しかし、松井よ。民衆の心情に依拠するのは良いだろう。そのようにして政治の第一歩は踏み出されるべきだと私も思っている。だが、今日の自殺者はすべからく松井も標的にしているということをば忘れるなかれ。大阪府知事たる松井一郎もまた「権力」の住人のひとりなのである。
先週の土曜日、私は自宅で小川伸介監督の映画『三里塚の夏』をDVDで久しぶりに見ていた。大田出版から『小川プロダクション「三里塚の夏」を観る』というDVDブックが刊行されたのだ。成田空港の建設反対に立ち上がった三里塚の農民たちを描いたドキュメンタリー映画であったが、やはり冒頭のシーンが印象的であった。機動隊が農民の西瓜畑に文字通り土足で乱入する。大津幸四郎のカメラは一個の踏みつけられた西瓜をアップで切り取るのである。問われるべきはカメラの位置である。ジャーナリズムとしての「目の位置」である。

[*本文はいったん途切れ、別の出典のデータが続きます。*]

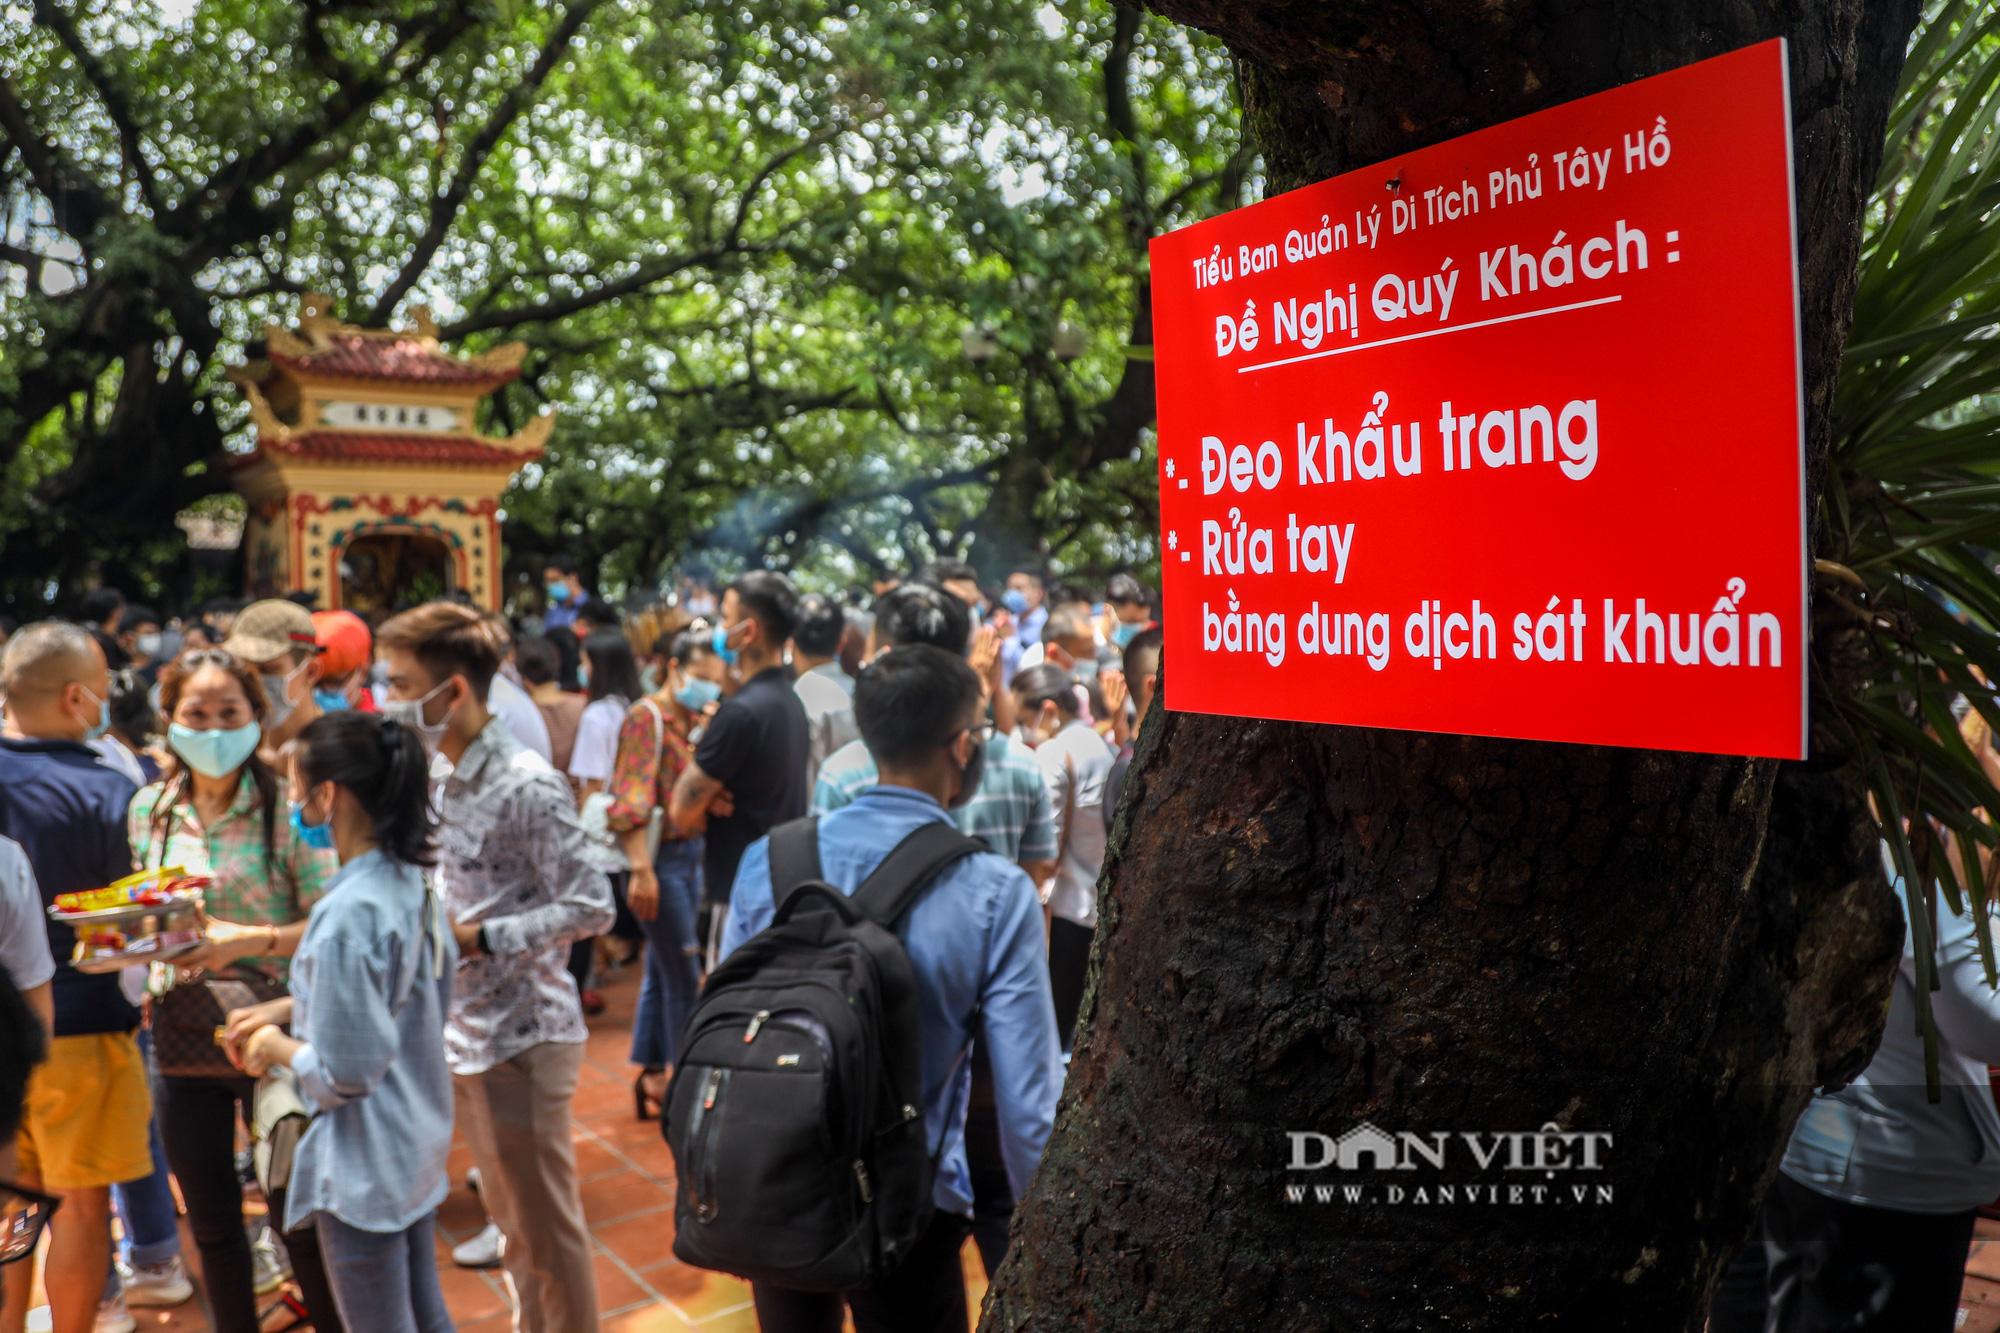 Phủ Tây Hồ đông nghịt người trong ngày đầu Hà Nội thực hiện giãn cách - Ảnh 6.

小川+大津がこの西瓜を映像として切り取ったのは、三里塚の農民たちの喜怒哀楽の現場に映画が降りていったからにほかなるまい。むろんカメラをかなぐり捨てるという選択もあり得よう。それでも、カメラを選んだのである。そのことの意味を例えば新聞記者とやらは考えたことがあるのだろうか。

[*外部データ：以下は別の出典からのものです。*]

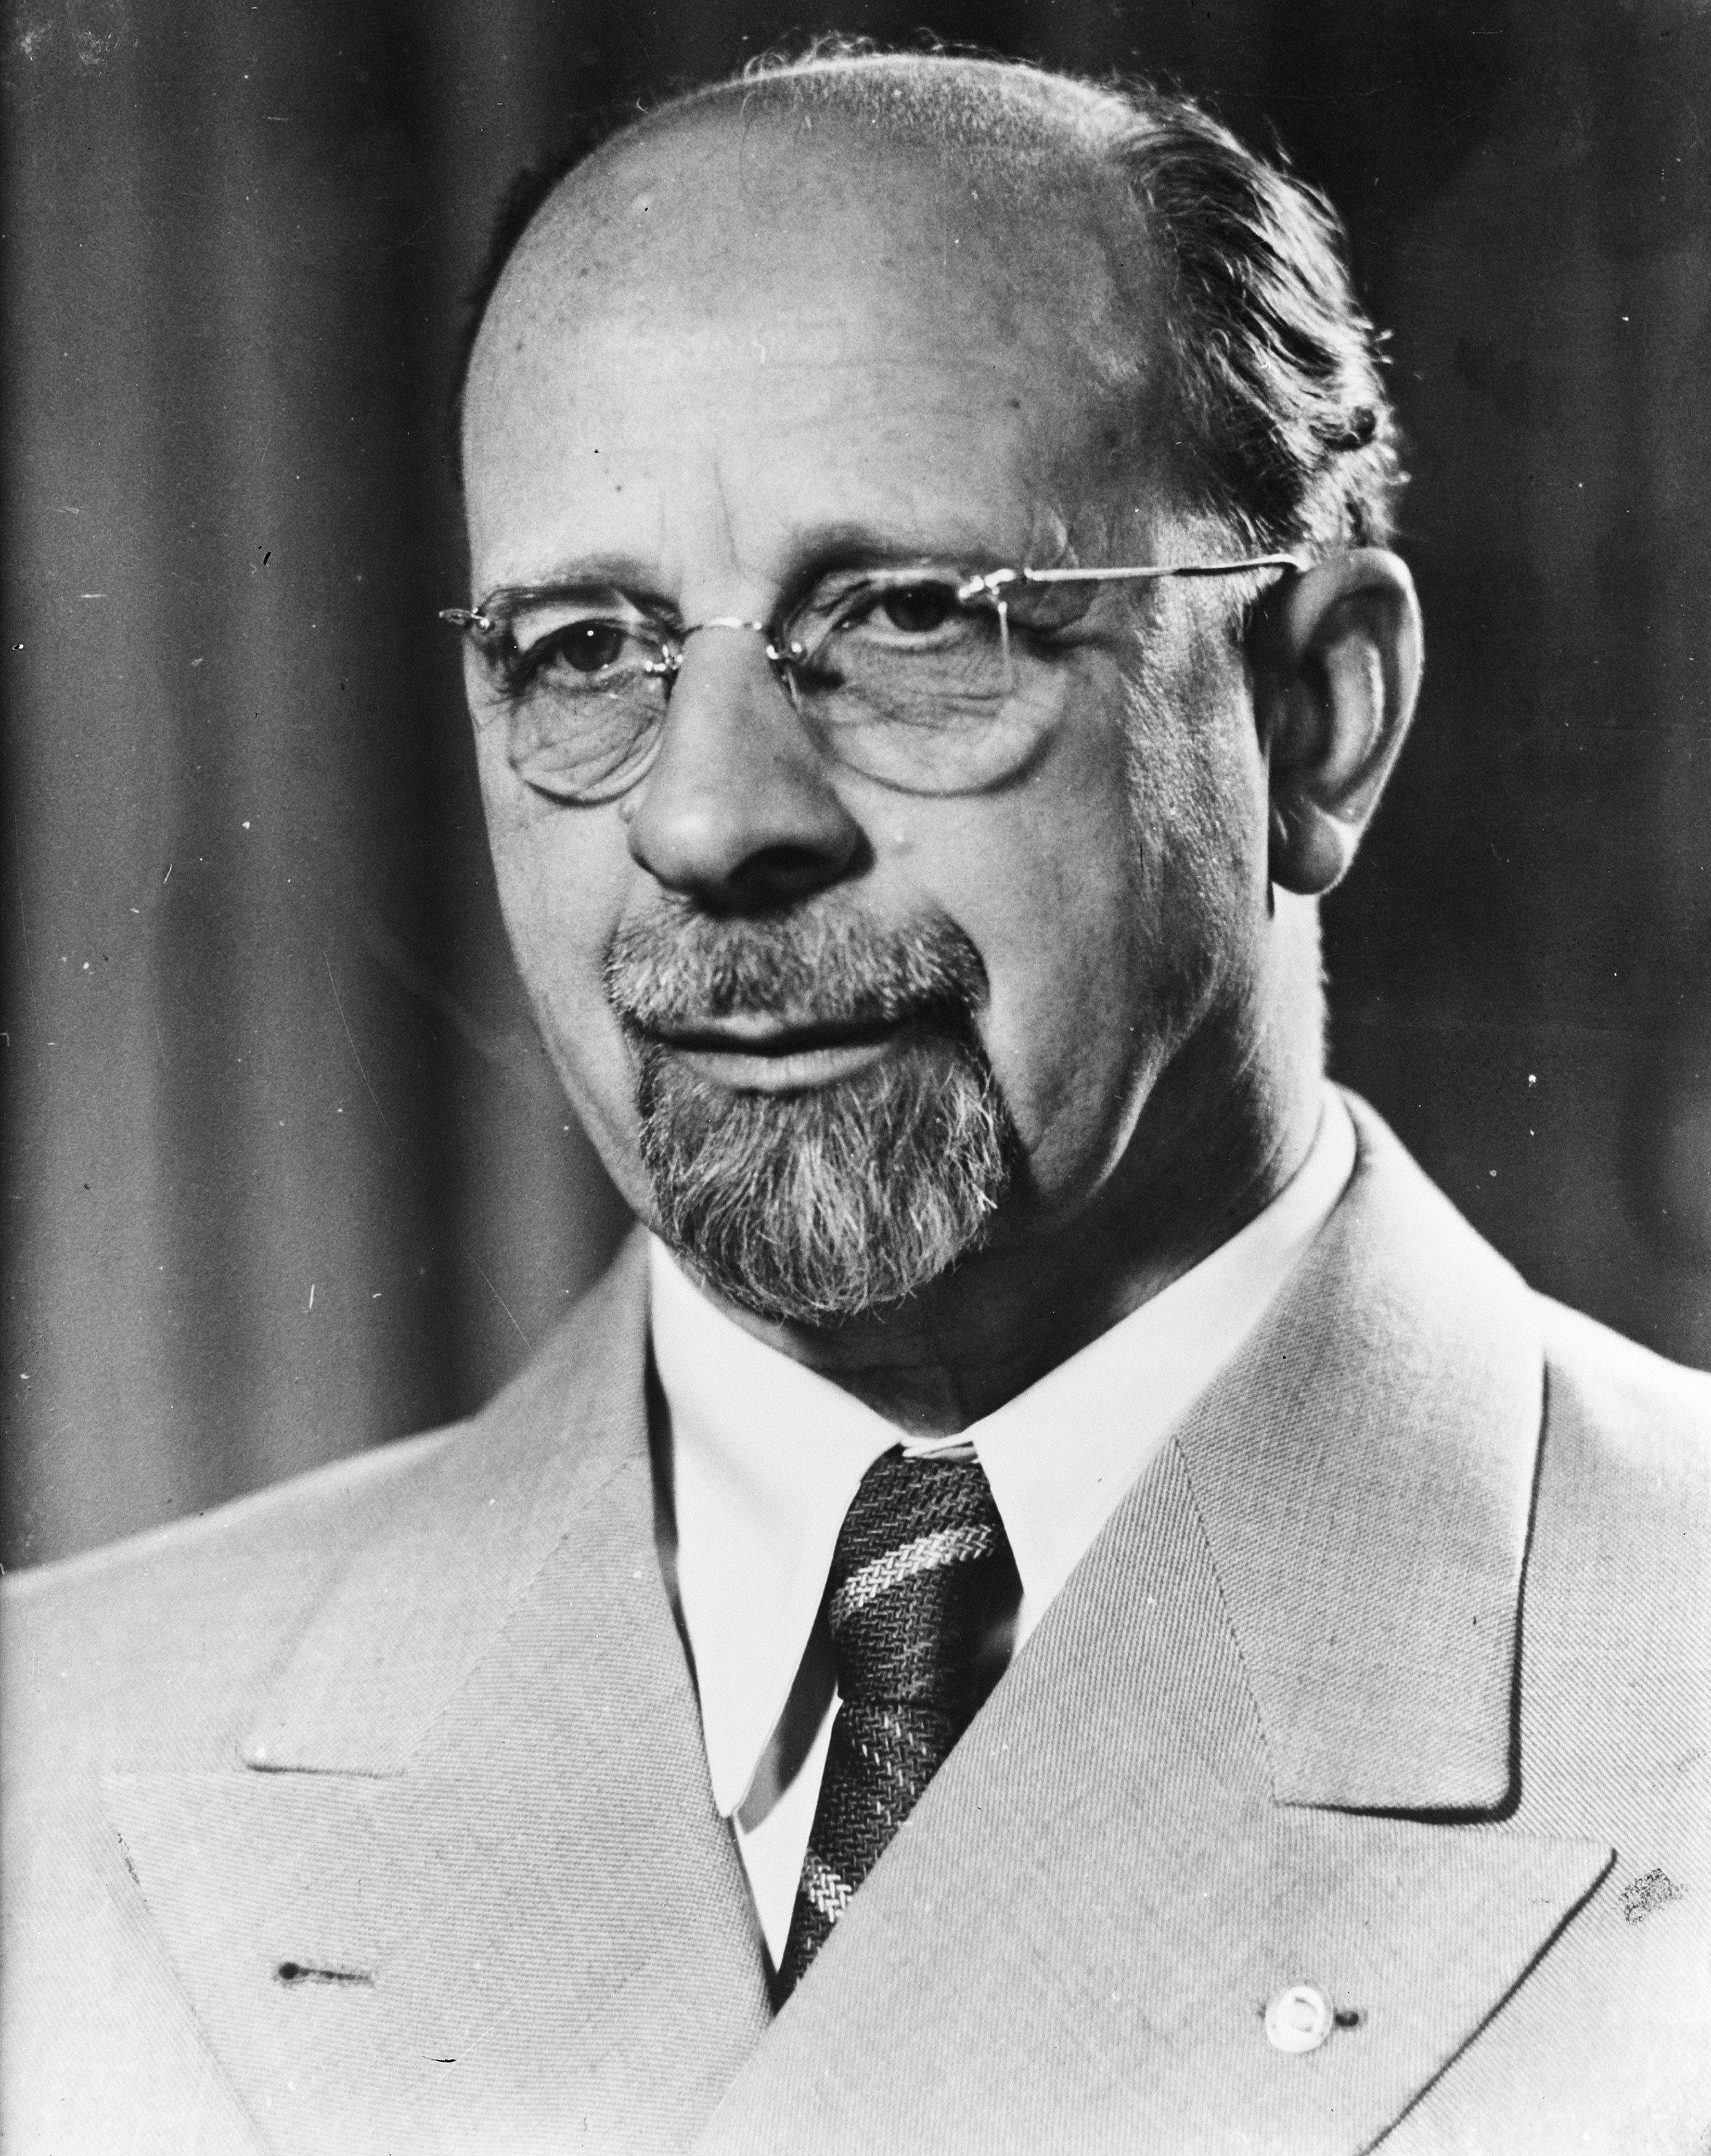 Ulbricht in 1960

現在の、いや昔も今もマスメディアは現場に降りていかないのだ。現場を遠まわしにして、上から眺めているだけなのだ。保守派の言動もまた然り。ましてや進歩派、良心派、市民派においておや、である。そのようにしか心斎橋の通り魔事件は報道されなかったし、そのようにしか論じられなかったということである。最初から民衆の生活との連帯を拒絶しているのだ。テオ・アンゲロプロスの映画が曇り続けていたことにも恐らく鈍感なのだろうな。